He had seen Nott a handful of time during gatherings at Malfoy Mannor but they never really talked. Unlike Parkinson's incessant flirting or Zabini's blatant narcissism, Nott was more tolerable with his silence and respect for personal space (Crabbe and Goyle the nincompoops came to his mind). So when Loki approached Nott in the dorm room to ask for the day Defense essays prepared for a cold shoulder, Nott tossed him a roll of parchment and went back to Transfiguration essay without fanfare. Too flabbergasted to be affronted at Nott's dismissal, he mumbled a thank and chose to sat down on the same couch to write.

Morning had him dumbfounded again when Nott held out a hand, palm up when they were preparing for class.

'Your essay.' Nott informed him succinctly and wordlessly plucked it out from his bag.

Loki wouldn't go as far as thinking of Nott as a friend, more like a partner in a fair trade. Nott handed in essay for him and in return, he framed out History essay for him. Wins all around.

October rolled by with the first flying lesson. And the first broken arm. For an heir of the Most Noble and Ancient House of Longbottoms, Longbottom truly did his ancestor pride by loosing control of a measly broomstick and crashing head first into a brick wall. Classes were cut short. The wind's disappointment was palpable, judging by the directionless way his hair was tousled up. Despondently, Loki returned his broomstick to the shed. And nearly smashed face first on the grass, only centuries of reflex helped him twist to his back at the very last moment. Luckily for him there was no one around and Nott was polite enough to pretend he was checking for loose twigs of his school broom. Loki looked down to see the perpetrator and found a small palm-sized glass orb winking back at him.

Nott drew near when he picked it up and showed it to the sun.

'That's Longbottom's Remembrall,' Nott said and quickly defended himself as Loki quirked a 'how-could-you-possibly-know' eyebrow, 'Heard him exclaim to the dining hall when posts arrived. Not that you would notice since you were busy finding nonexistent flaws in my essay.'

'You wrote Emert the Evil and Egregic the Egregious instead of Emeric and Egbert,' Loki pointed out.

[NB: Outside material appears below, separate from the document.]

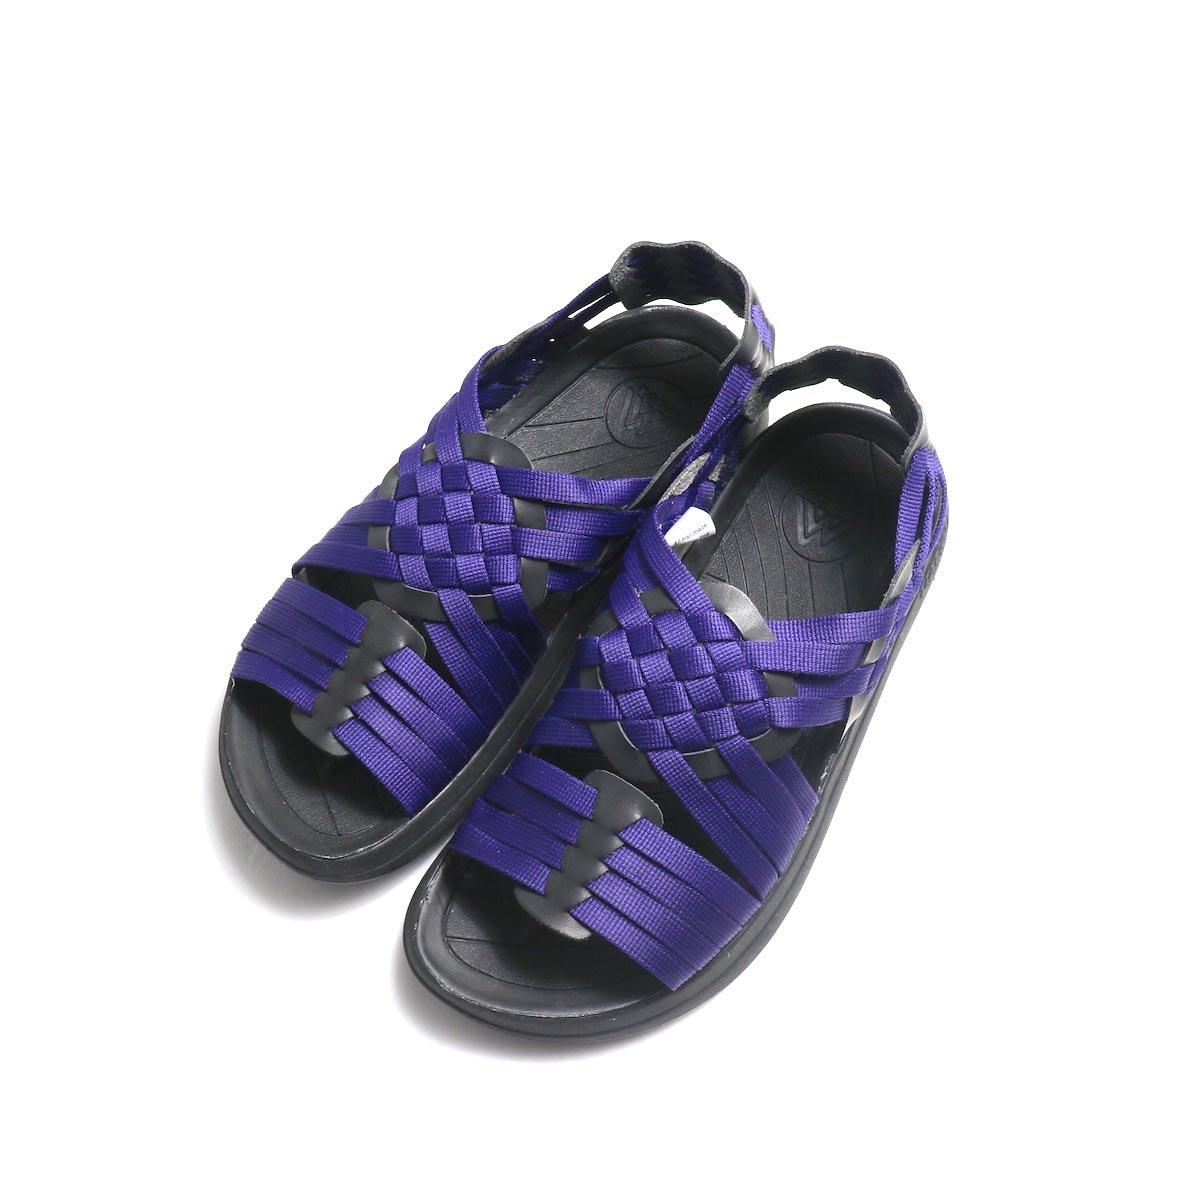 Malibu Sandals / Canyon (Nylon Weave) -Purple

'What are you going to do with it?' Nott asked in lieu of answer, head nodding at the glass ball in his hand.

Loki lifted a half smile at Nott's blatant diversion but allowed himself to be pulled along. He wanted to put the globe down where he found it, less attention that way, but a memory from a past far away halted his hand. He remembered all the myriad of emotions when he thought he lost his beloved knife; the fear of not finding it anywhere in the room, the desperate search leaving no stones in the castle unturned, the resignation and then the pure joy when Frigga presented it to him.

Loki heaved a sigh. Longbottom was lucky he loved that knife very much.

The squeak Longbottom gave when he laid eyes on them were enough to brighten Loki's foul mood to pleasantly pleased. It seemed no matter what form he assumed, he was no less imposing than in leather and green.

'You are quite nice to Longbottom, Draco,' Not said airily while they made their way for Herbology.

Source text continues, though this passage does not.